◆ Exercise directions ◆
In the material below, find the line with "Ein futuristischer Vortragssaal" and the line with "Chambre à louer", then output both and every line between them exactly, omitting pictures.

*** Recorded information ***

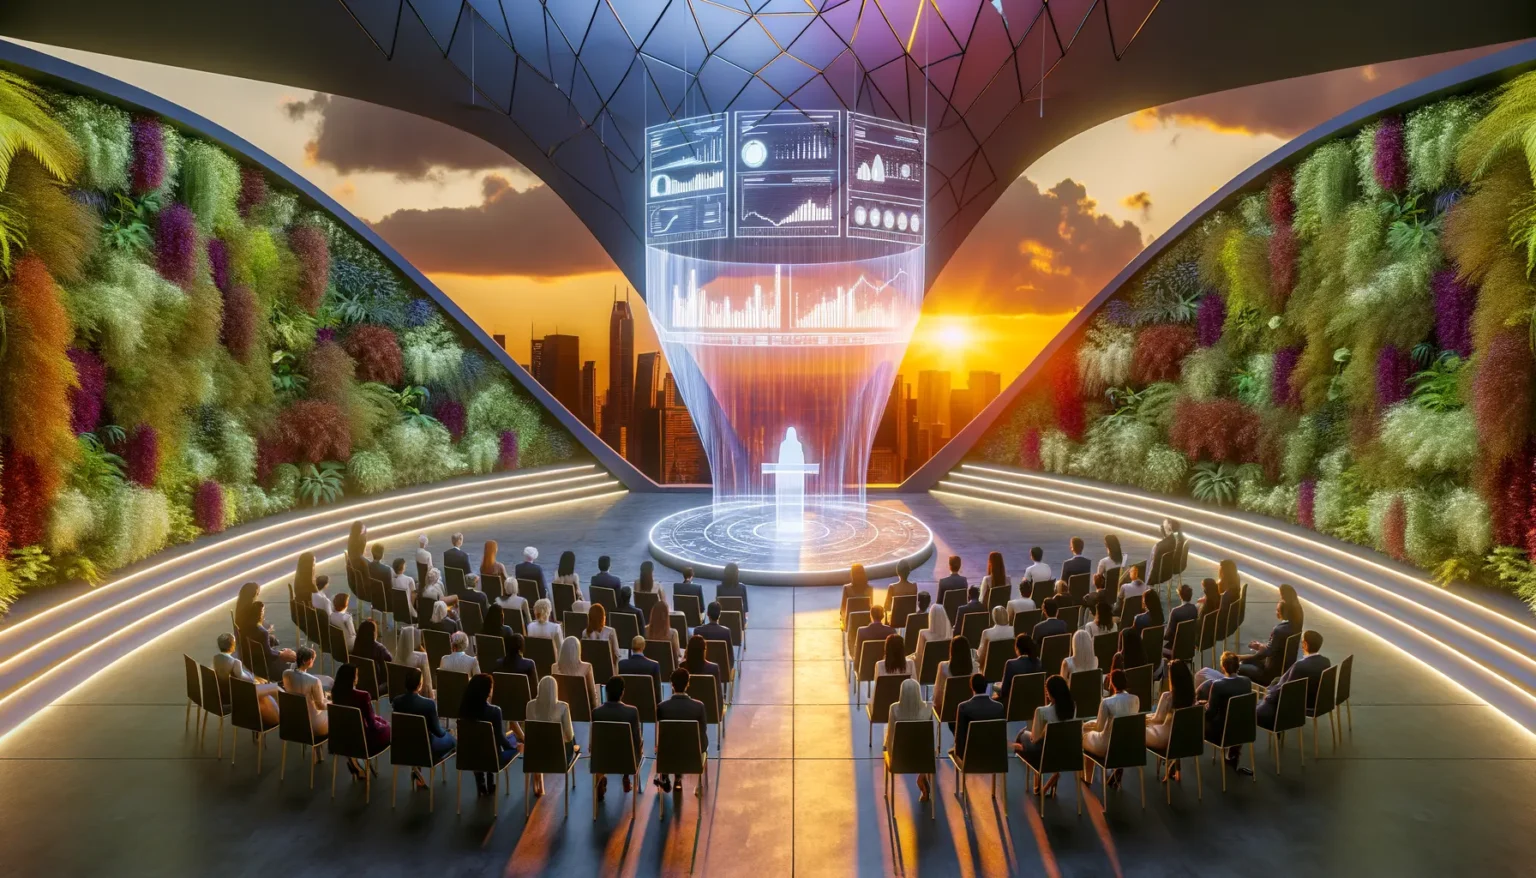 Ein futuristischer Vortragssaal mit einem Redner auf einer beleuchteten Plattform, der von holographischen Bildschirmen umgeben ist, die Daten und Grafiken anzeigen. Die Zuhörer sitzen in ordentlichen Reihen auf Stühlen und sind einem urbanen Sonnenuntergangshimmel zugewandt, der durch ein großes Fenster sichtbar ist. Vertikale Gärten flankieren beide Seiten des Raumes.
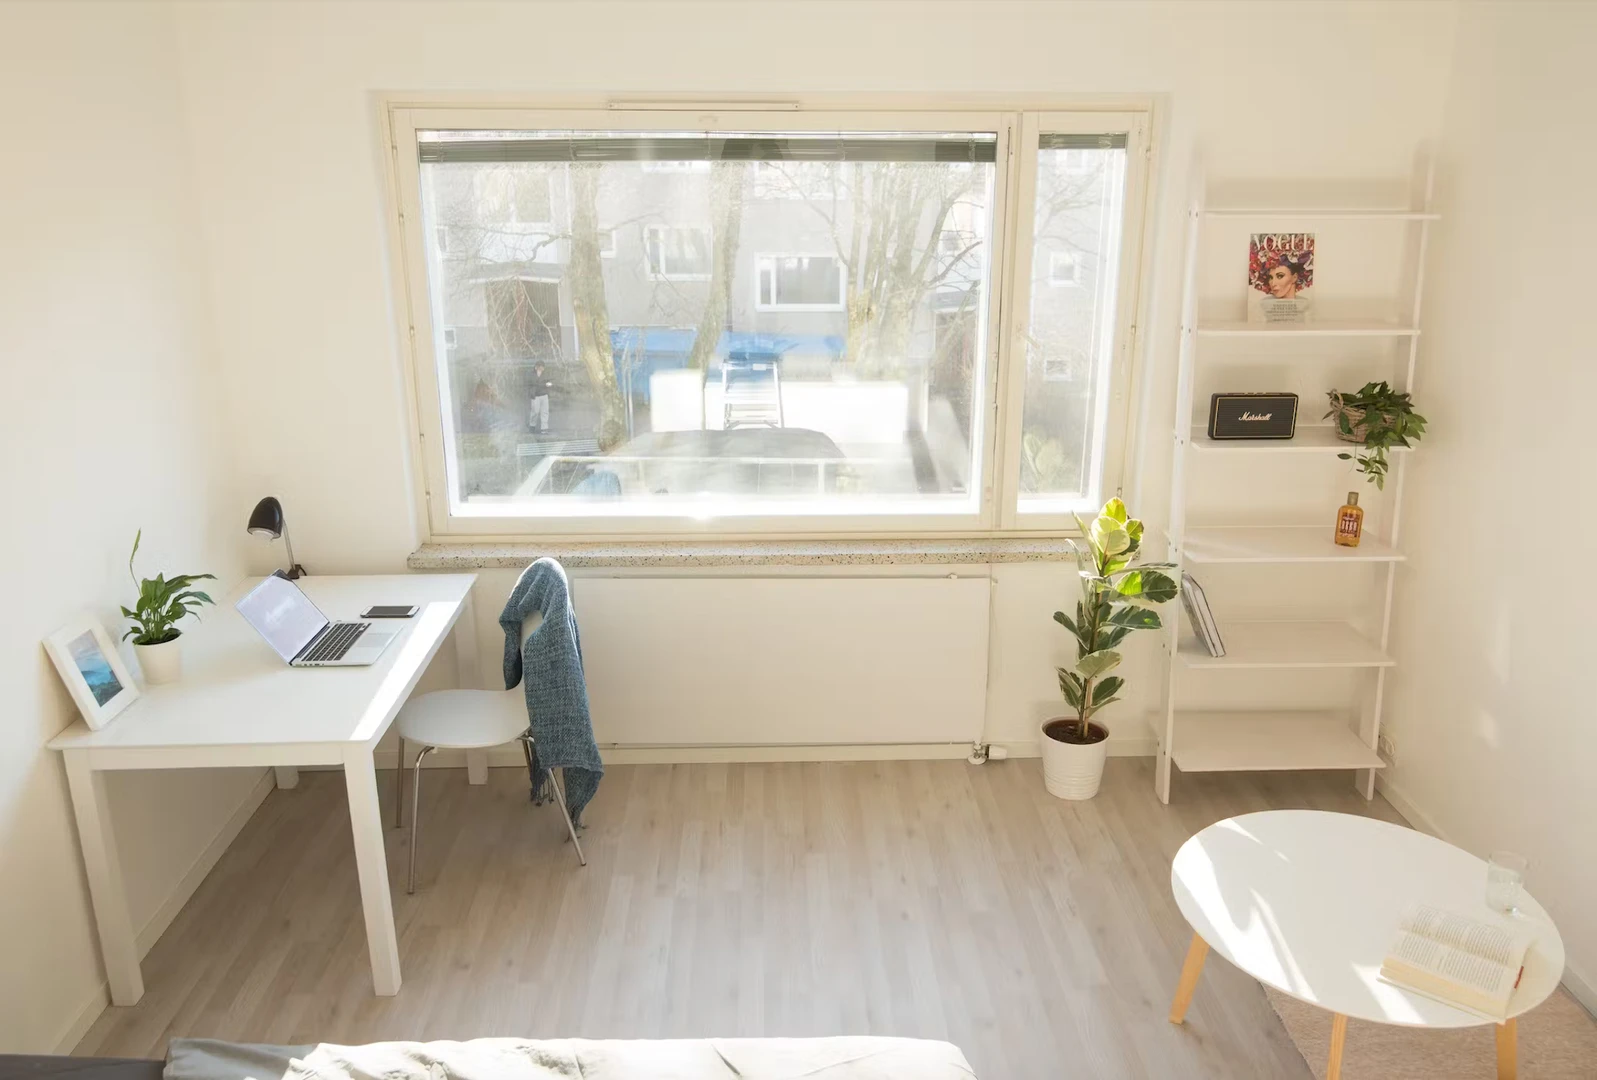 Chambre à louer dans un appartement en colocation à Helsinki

***
*** Recorded information ***

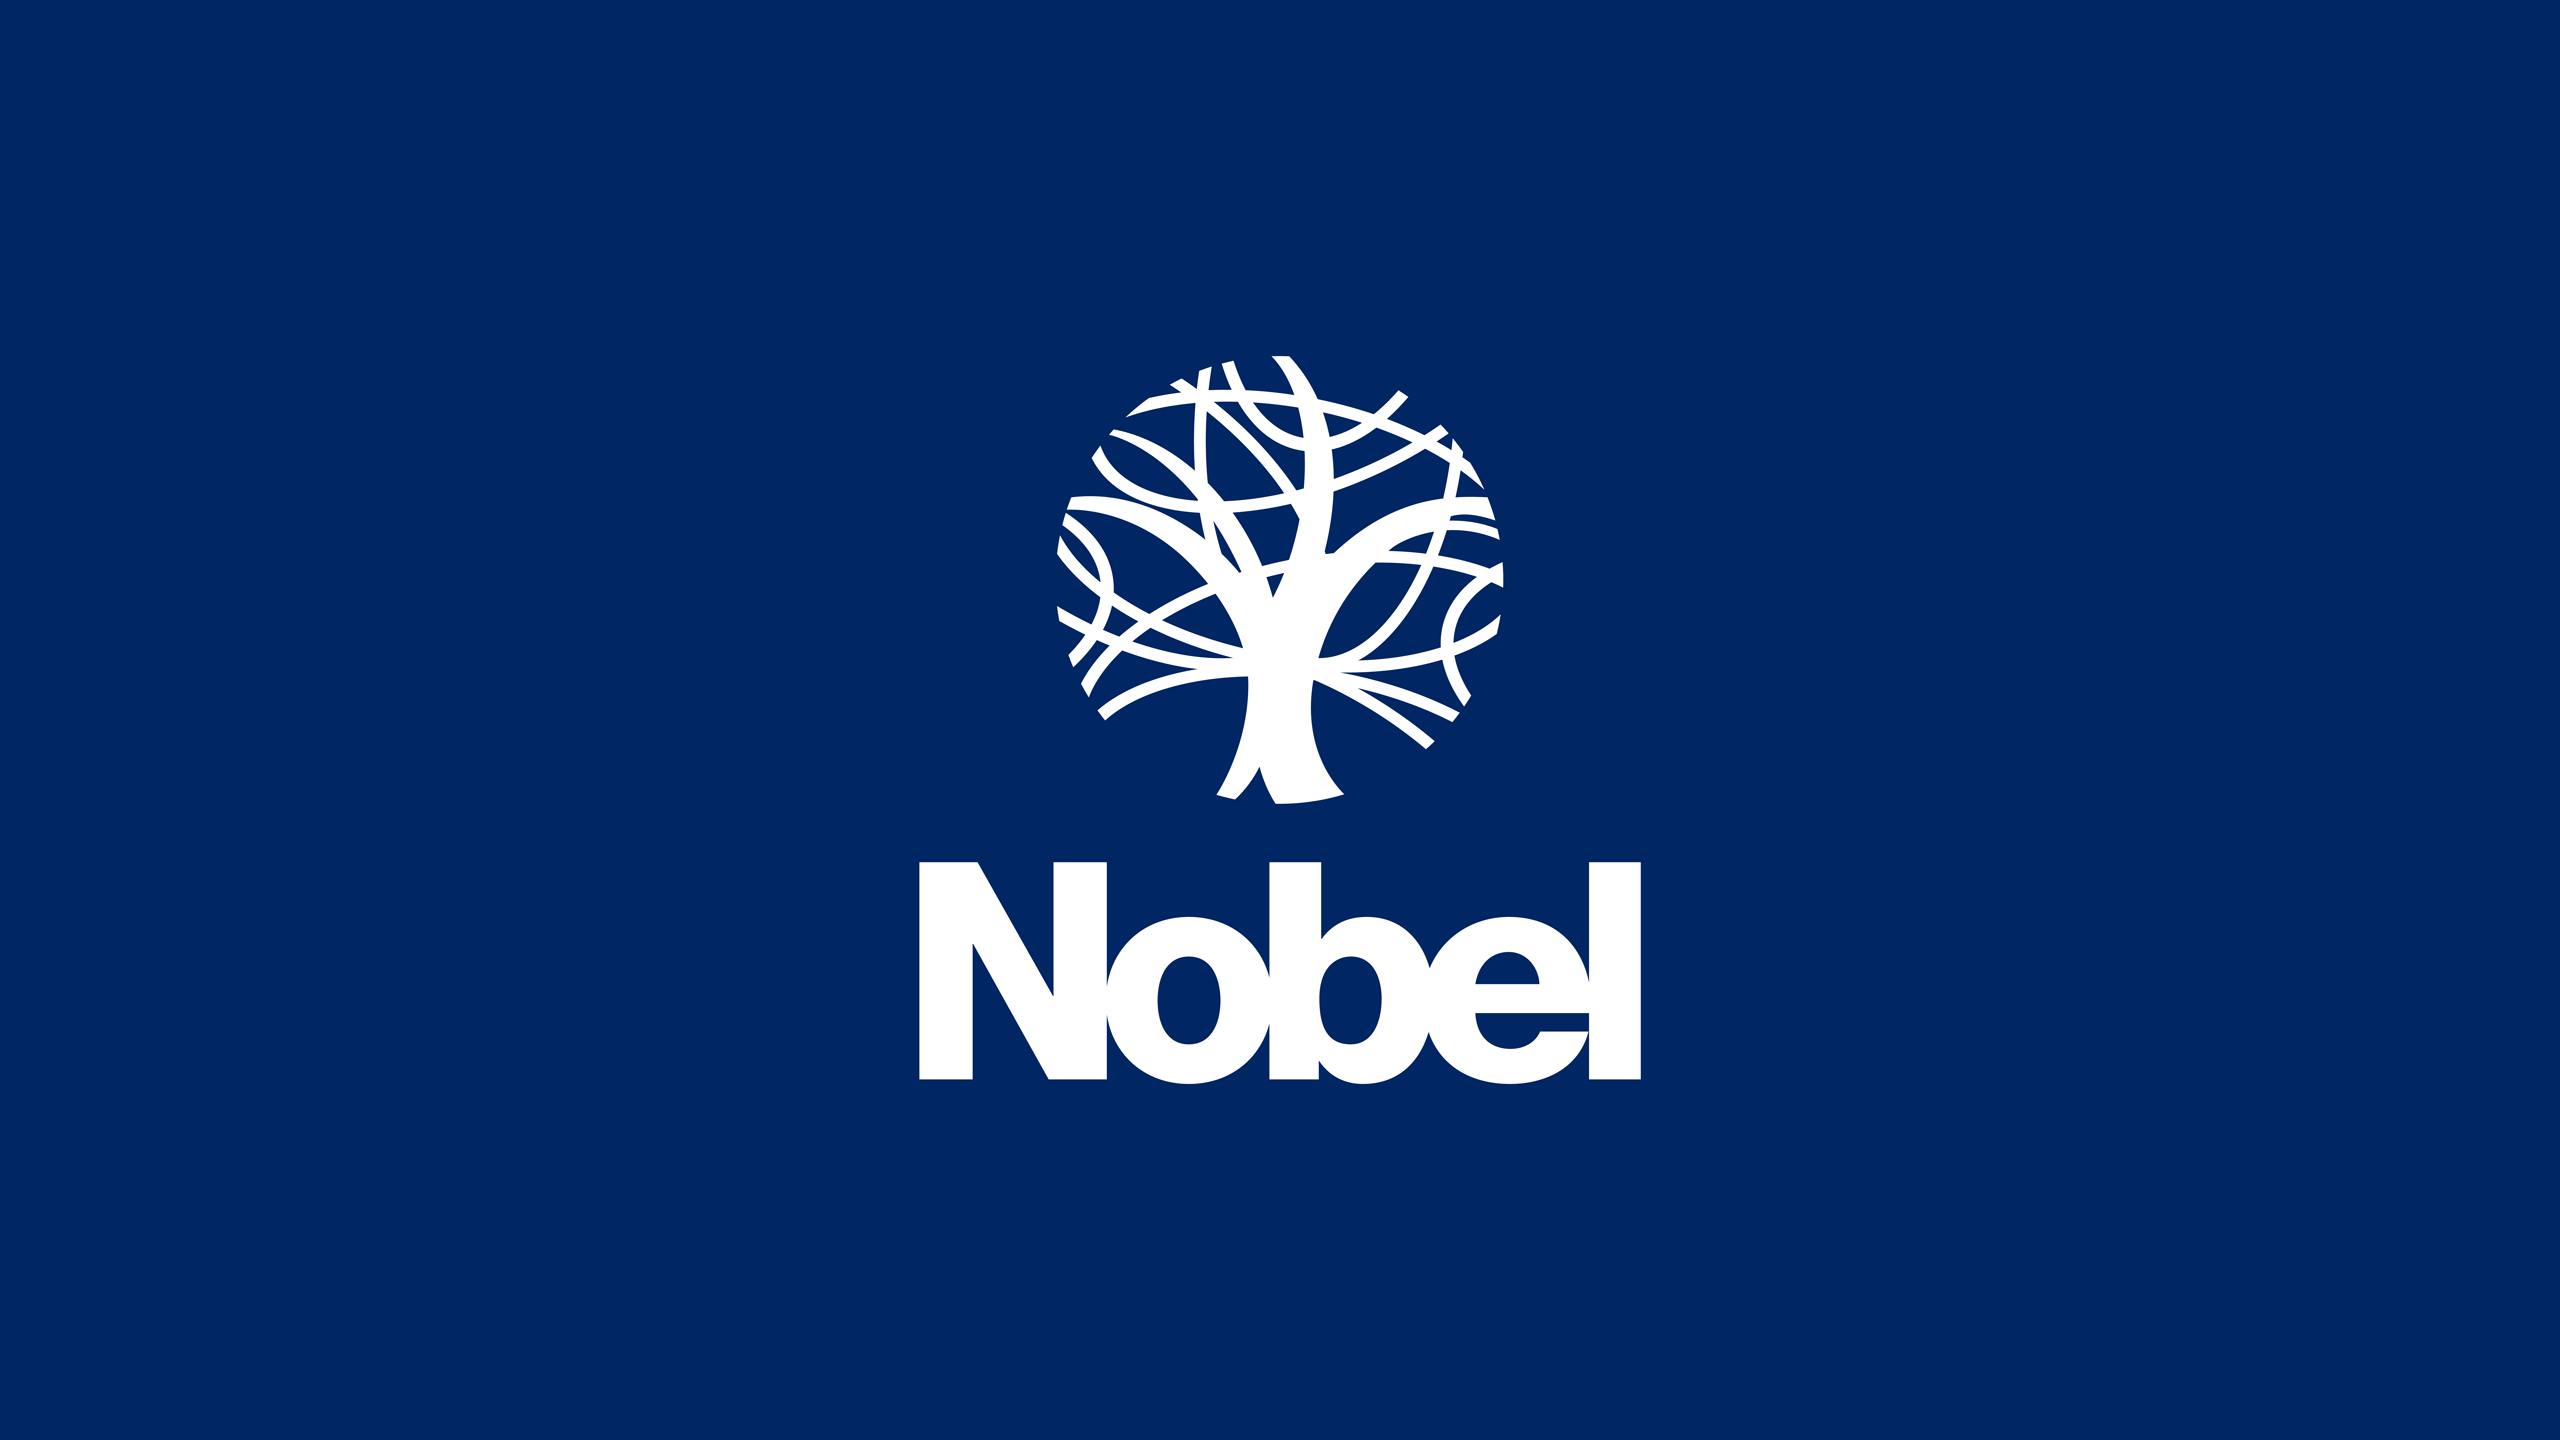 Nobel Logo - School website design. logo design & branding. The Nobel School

***

◆ Exercise output ◆
 Ein futuristischer Vortragssaal mit einem Redner auf einer beleuchteten Plattform, der von holographischen Bildschirmen umgeben ist, die Daten und Grafiken anzeigen. Die Zuhörer sitzen in ordentlichen Reihen auf Stühlen und sind einem urbanen Sonnenuntergangshimmel zugewandt, der durch ein großes Fenster sichtbar ist. Vertikale Gärten flankieren beide Seiten des Raumes.
 Chambre à louer dans un appartement en colocation à Helsinki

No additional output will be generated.